Isabella knew the worst was to come.

 

“When I made my way outside, and the men took my mother from my arms, I knew she was dead. I knew that the smoke had filled her lungs and choked the life out of her. I had known it all along. I turned to my sister and could see Kitty on her knees by her side, her head resting on my sister’s chest and her thin, bird-like frame wracked with sobs. I walked over, knowing all the while that my sister was gone also.”

 

“I am so sorry.” The image in her mind of Kitty, bent double with grief over the young girl, finally tipped Isabella’s tears over, and they ran down her face.

 

“I dropped also, looking down at my sister’s beautiful face. She was untouched by fire, the same as my mother. They had both been choked by the smoke, but the vicious flames had never reached them. It was a relief of sorts that they had not known the searing pain of burned flesh. But the fact they had suffocated was no real consolation. And, apart from the smoke and the dirt, my mother and sister looked as if they were unharmed. Like there was no true reason for them to be dead. I wanted to shake them both and shout at them until they woke up and started breathing again.”

 

Isabella took a step towards him, not knowing if she really should.

 

“And then Kitty, my dear Kitty, looked up at me, and her anguish turned to horror.

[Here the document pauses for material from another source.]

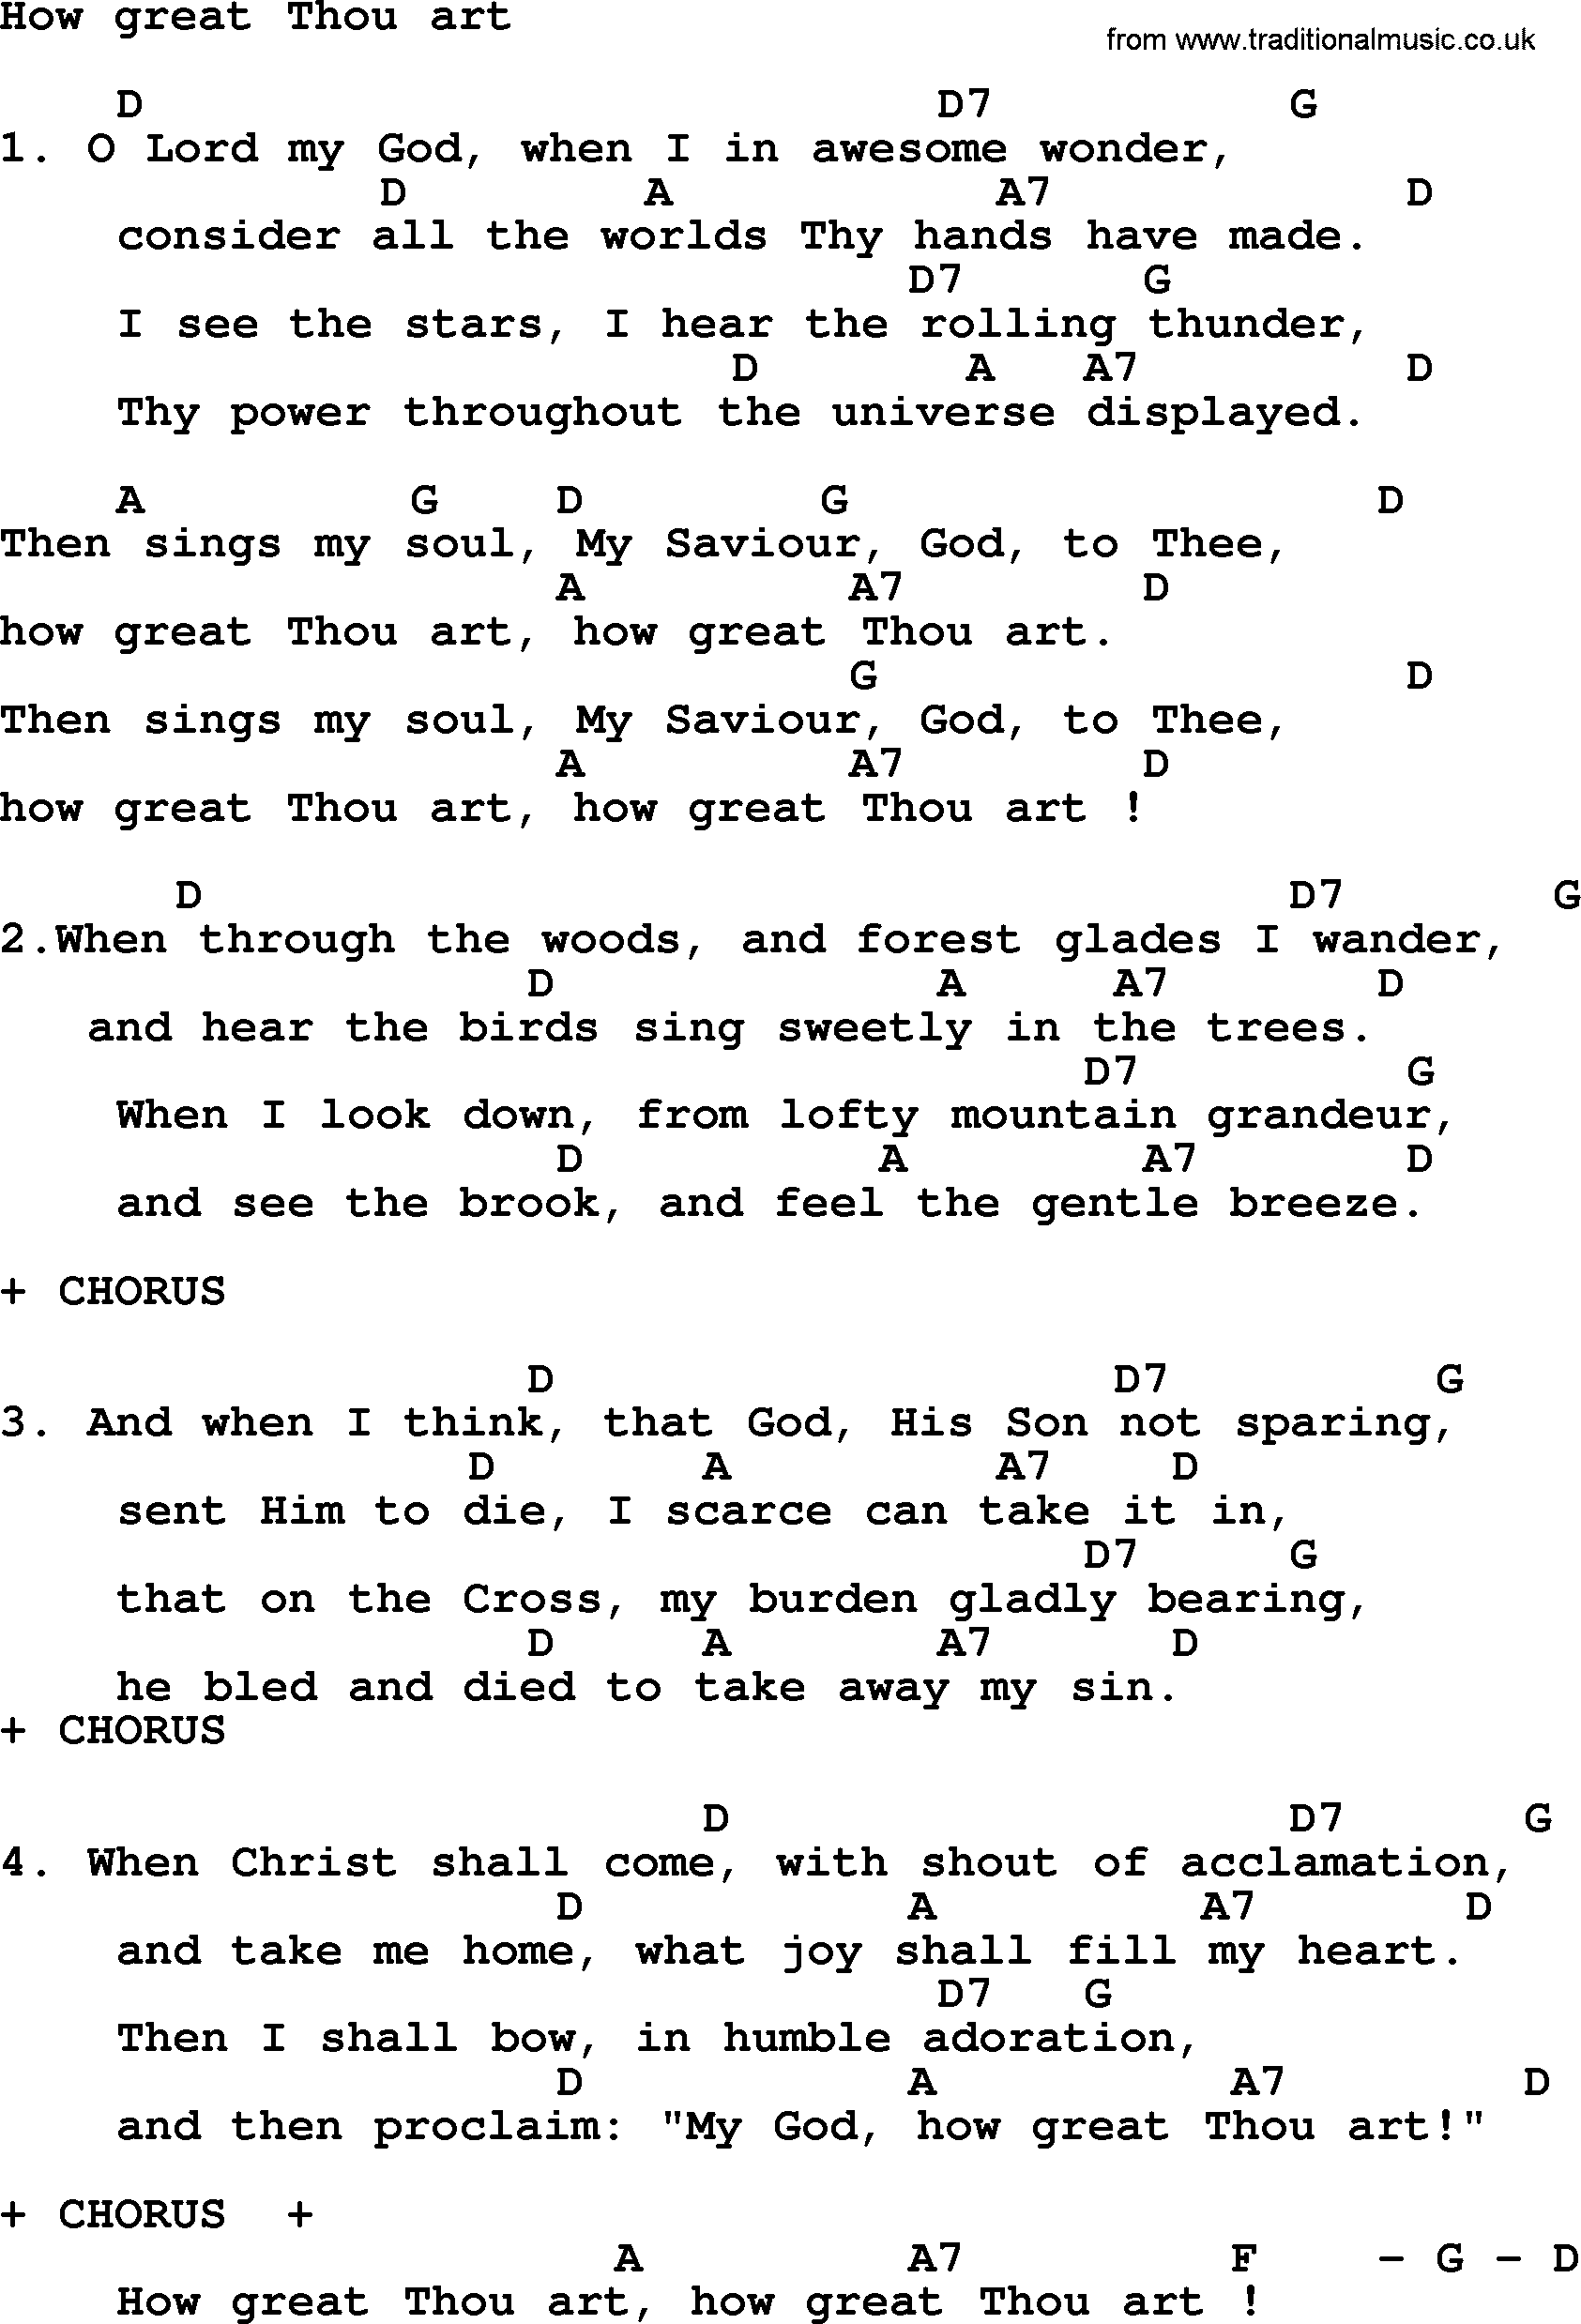 Lyrics For How Great Thou Art - LyricsWalls

Her eyes were glued to my face, and I knew then that the searing pain of the flames must have wrought some dreadful damage. But I did not care then, you see, for I wanted to lay down at the side of my mother and sister and stop breathing; to be dead also.”

 

Isabella took another step and laid a hand squarely in the middle of his back. He started a little at her touch but did not turn around.

 

“You came back with the doll, did you not? You came to return it to the very spot in which it had lain these eighteen years?” He spoke quietly, but she could hear the catch in his voice and knew that he was crying his own tears.

 

“Yes,” she said simply.

 

“You need not do that. I won’t leave Eleanor’s doll here any longer. I won’t leave this place a shrine anymore. It is time to clear it up or knock it down; I do not know which.”

 

“And what should I do with the doll?”

 

“I will take it. I shall keep the doll in memory of my sister.” His voice was breaking. “And thank you for restoring it so carefully. I am truly grateful, even if I must have seemed anything but these last days.”